## Prompt
Type out the data exactly as given. Skip any image.

## Exercise data

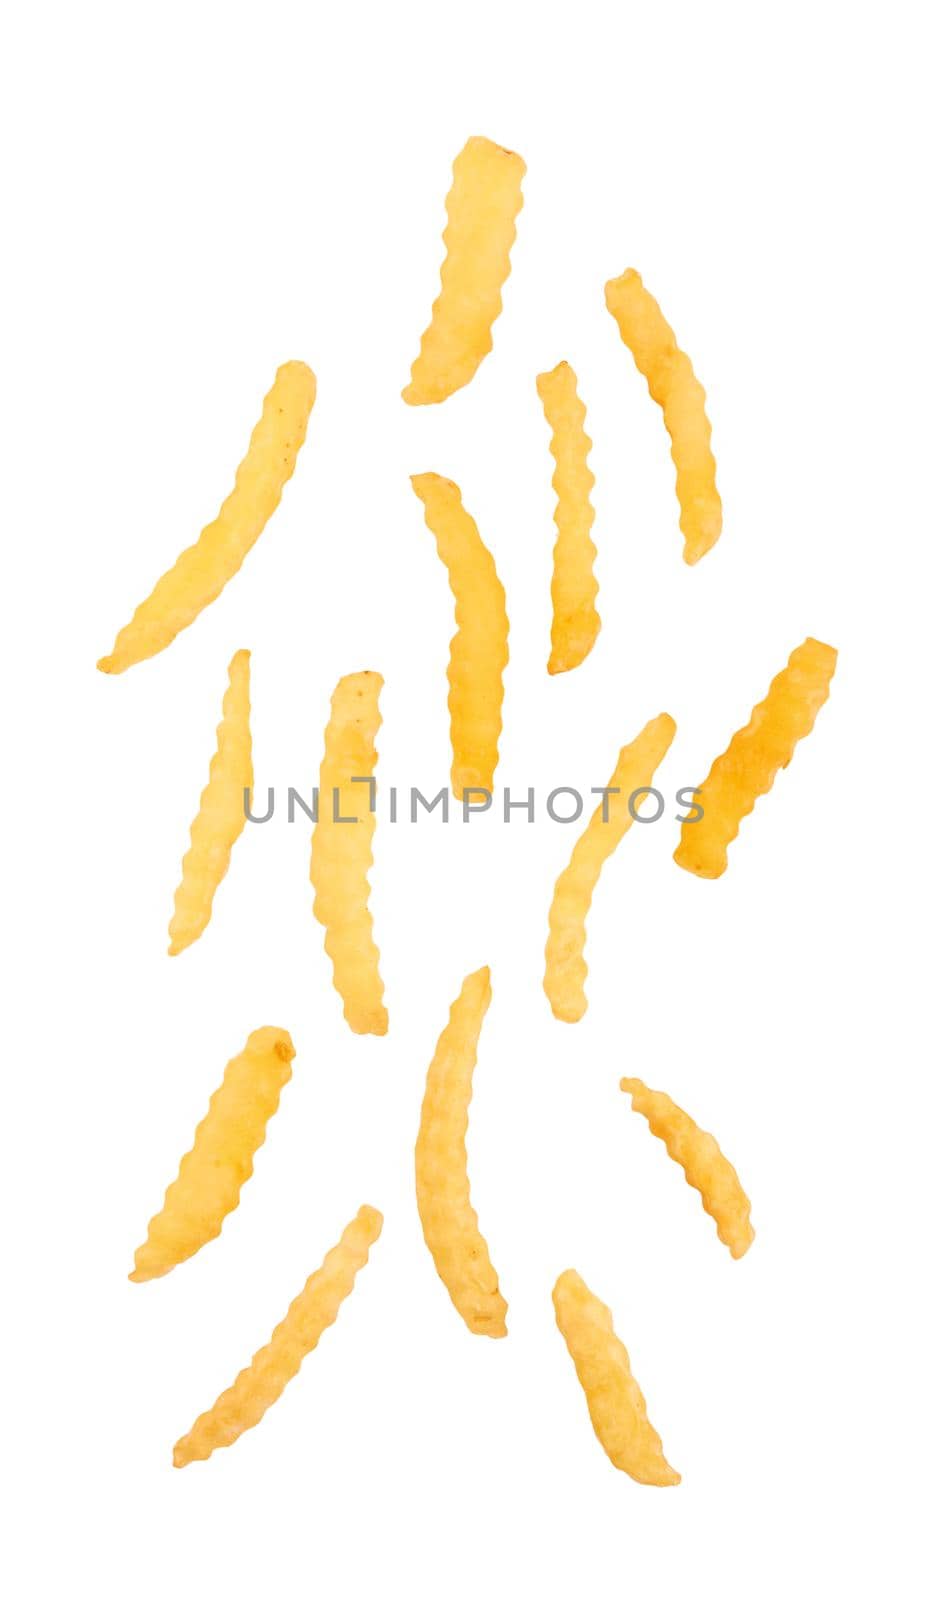 French fries on white by pioneer111
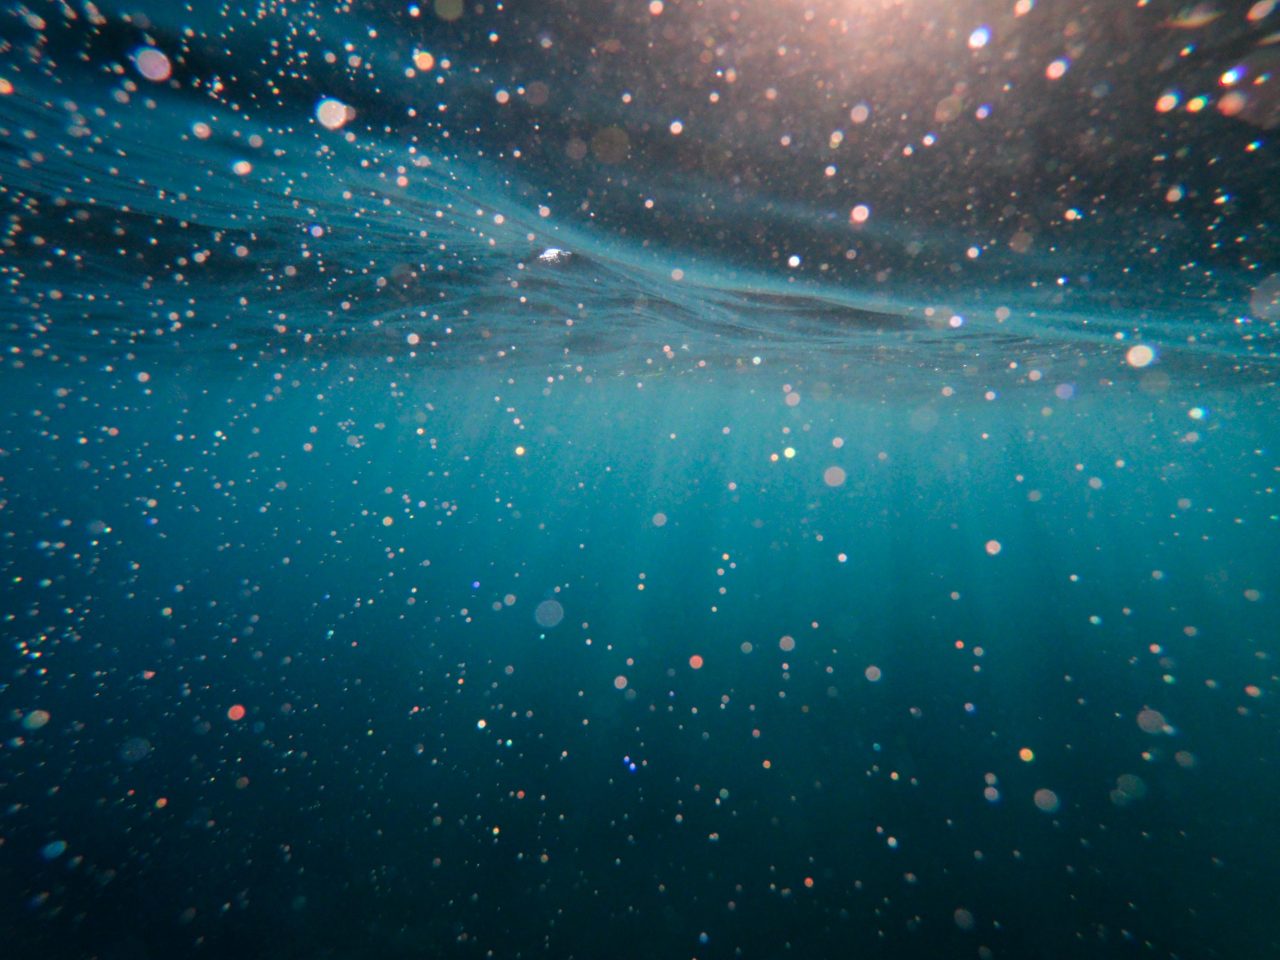 Light hitting particles in the ocean
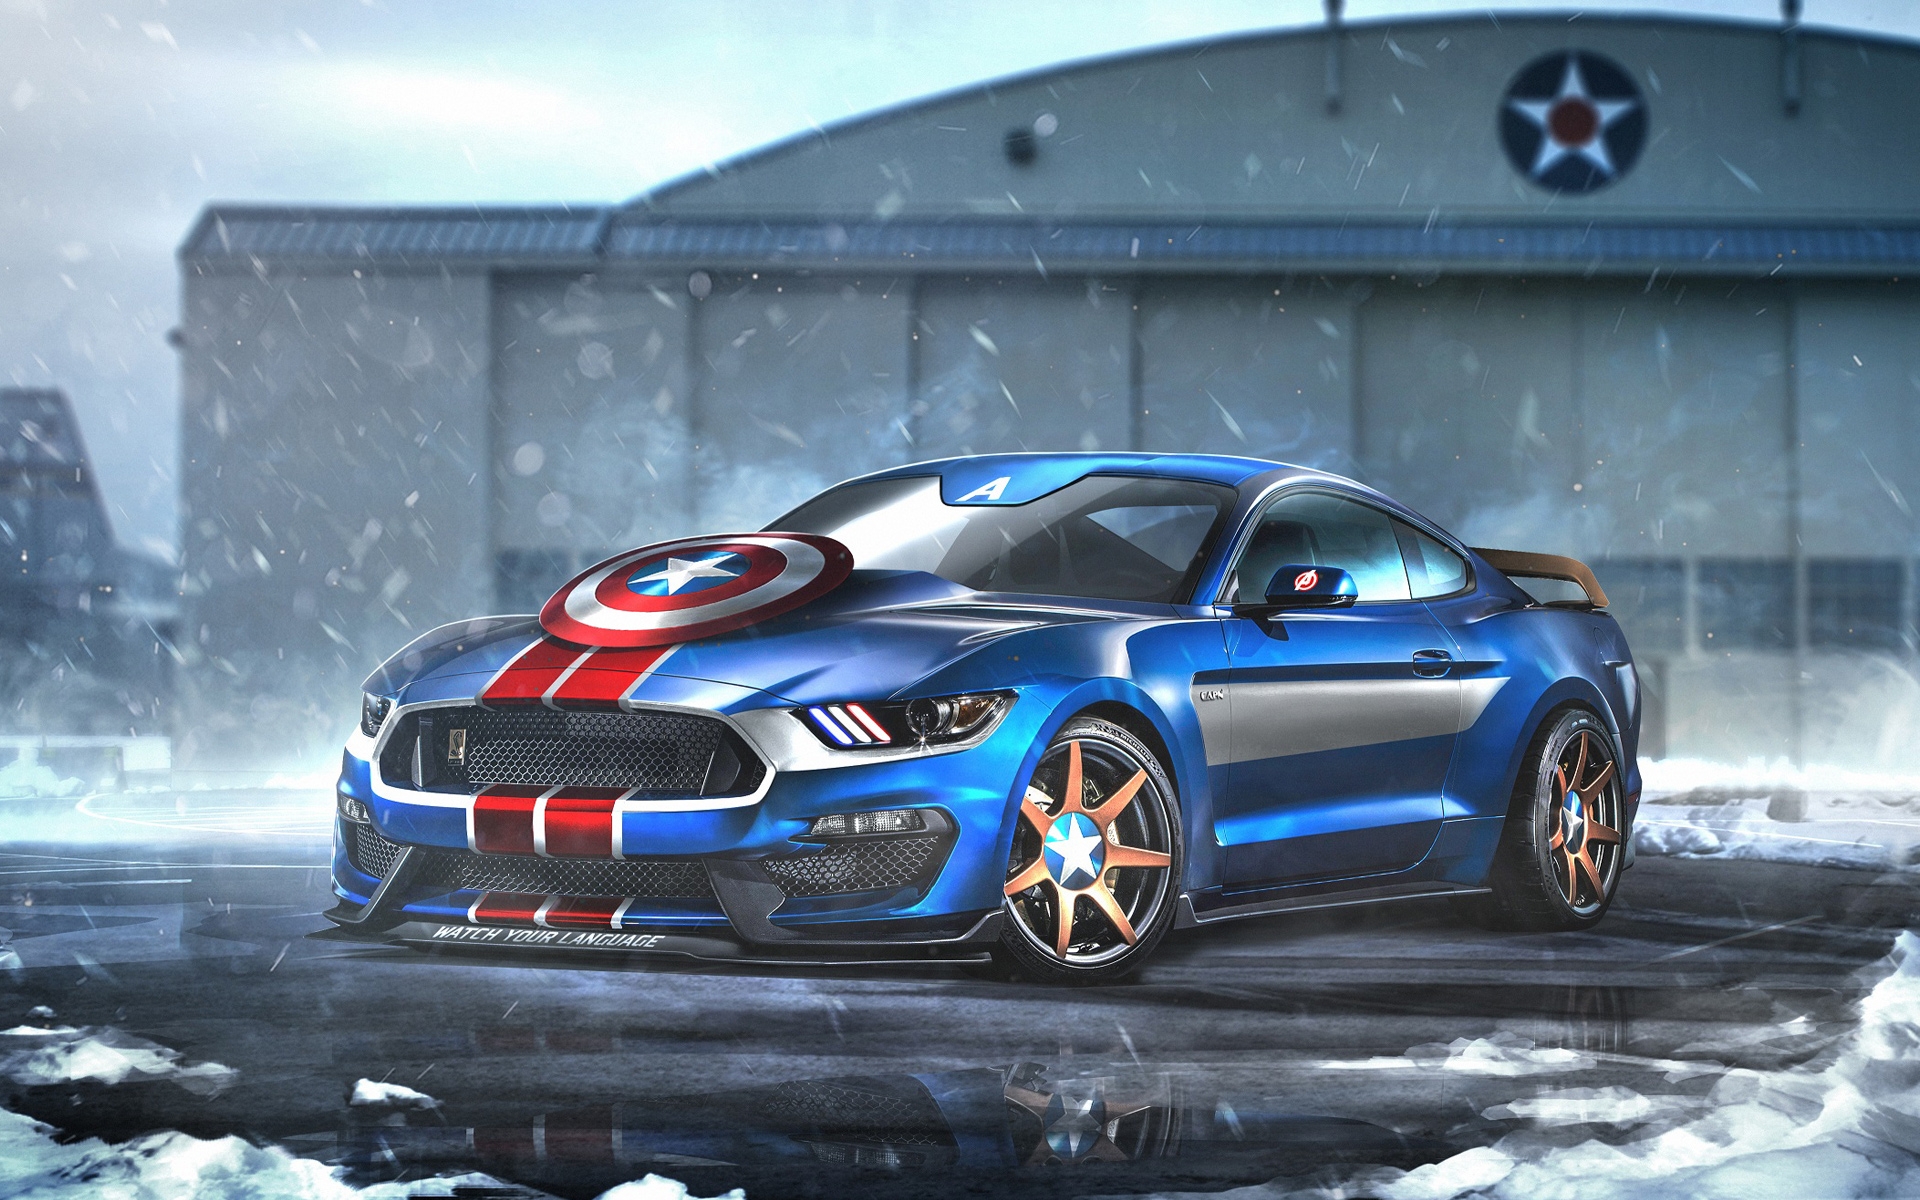 A Ford mustang in the style of captain america.

## Answer section
 French fries on white by pioneer111
 Light hitting particles in the ocean
 A Ford mustang in the style of captain america.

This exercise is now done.